Notably, the study suggested novel high‐ranked factors in fracture prediction. First, the subjective arthralgia score was ranked as the fourth most essential feature in the fracture prediction model, which was higher than the lumbar TBS score. Also, patients who have had fractures showed a significantly higher subjective arthralgia score than those who did not. The associations of arthralgia with fracture have not been well‐studied, but there has been speculation that there are links between pain neuropeptides and the pathological process of osteoporosis and bone remodeling.25 A recent study reported that participants with chronic arthralgia were likely to be diagnosed with spinal osteoporosis with a relative risk ratio of 4.12.26 Previous studies have shown that the treatment of osteoporosis alleviated arthralgia in patients with osteoporosis, as well as reduced bone resorption and improved BMD.27, 28, 29 This is hard to validate in this study because our cohort did not include bone turnover markers; further investigation is needed to clarify the issue. It could also be possible that the participants with arthralgia are more likely to fall because of the pain itself.30 As expected, participants with osteoarthritis complained of more severe arthralgia than those without osteoarthritis (arthralgia score 2.92 ± 2.76 in patients with arthritis [n = 173], 1.43 ± 3.05 in patients without arthritis, p < 0.001). The osteoarthritis may also predispose the sarcopenia and risk of falls,31 whereas it may not be in the top variables for predicting fracture because of the collinearity with the arthralgia score. The degree of the arthralgia may have a predictive value for fracture as well for this study, and it could be used as an early marker for increased bone resorption and fractures.
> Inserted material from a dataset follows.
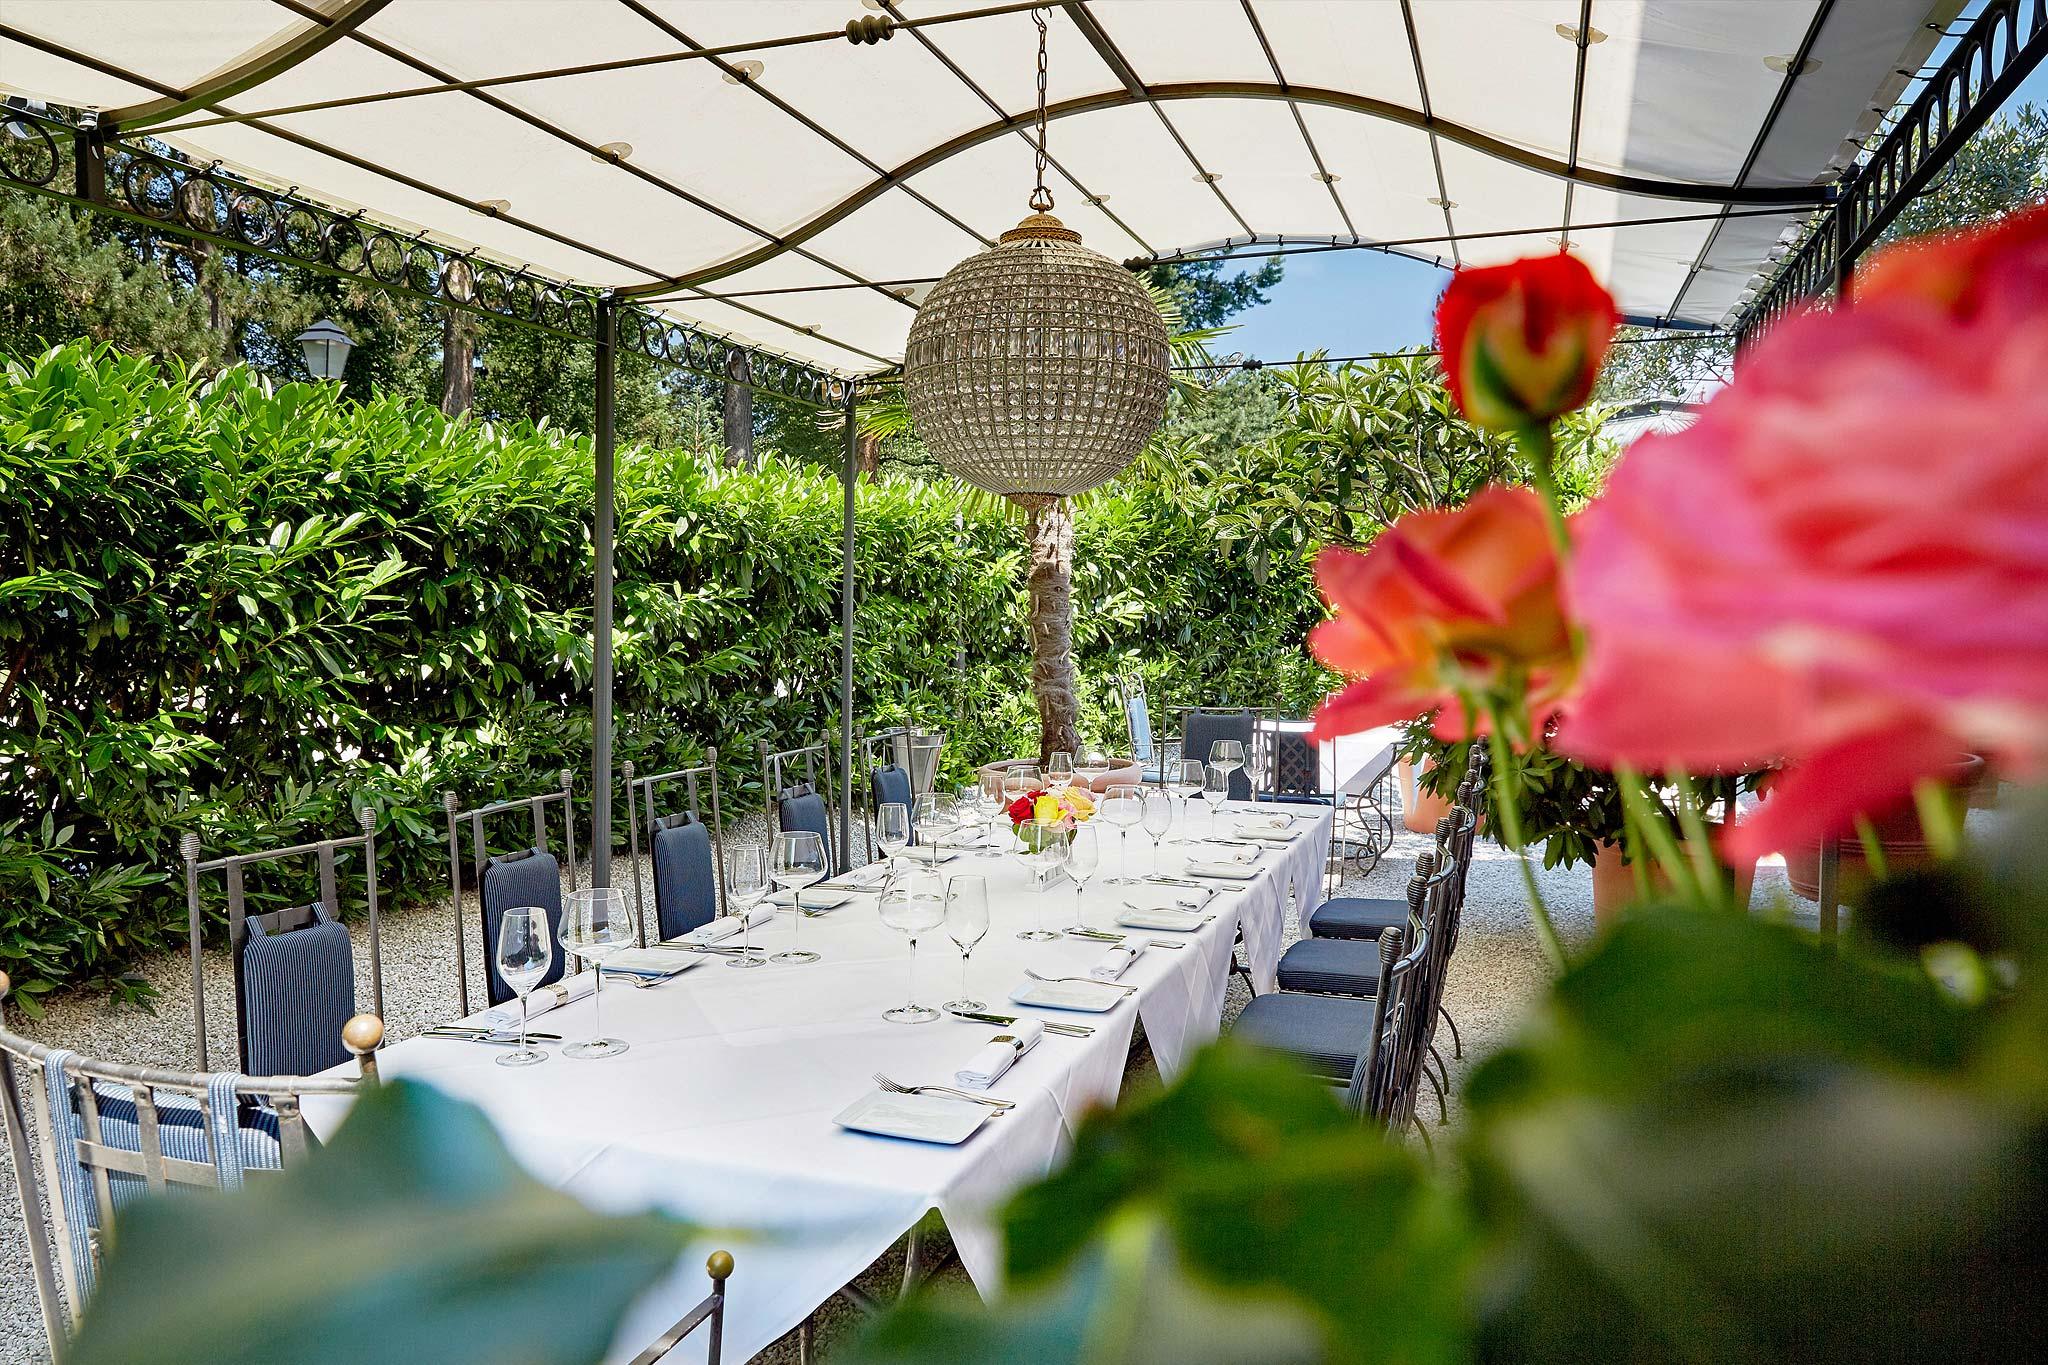 Garten Restaurant Zum Buberlgut Salzburg

Hyperhomocysteinemia was also a highly ranked predictive factor for osteoporosis in this study. Mildly elevated plasma level of homocysteine is a common condition, and it is reported to be associated with an increased risk of fractures.32, 33 In this study, it is notable that homocysteine is highly ranked, higher than conventional risk factors such as age, body weight, and lumbar TBS score. Homocysteinemia is known to be related to the disturbance of collagen linking of the bone by reacting with aldehyde to form a stable thiazide ring in the collagen‐linking process.34 In patients with homocystinuria, which implicates a high circulating level of homocysteine, a lower amount of collagen‐linking was found than in normal participants.35 However, it was also reported that a low estradiol level was associated with high homocysteine levels.36 Also, low serum creatinine as a high ranked predictive factor implies that serum creatinine could be used as an indicator of low muscle mass to predict fracture. As serum creatinine more strongly correlates with lean mass than with total body weight,37 low serum creatinine in elderly patients could represent low muscle mass. It could be an easily accessible method in clinical practice to reflect muscle mass, especially in an older population.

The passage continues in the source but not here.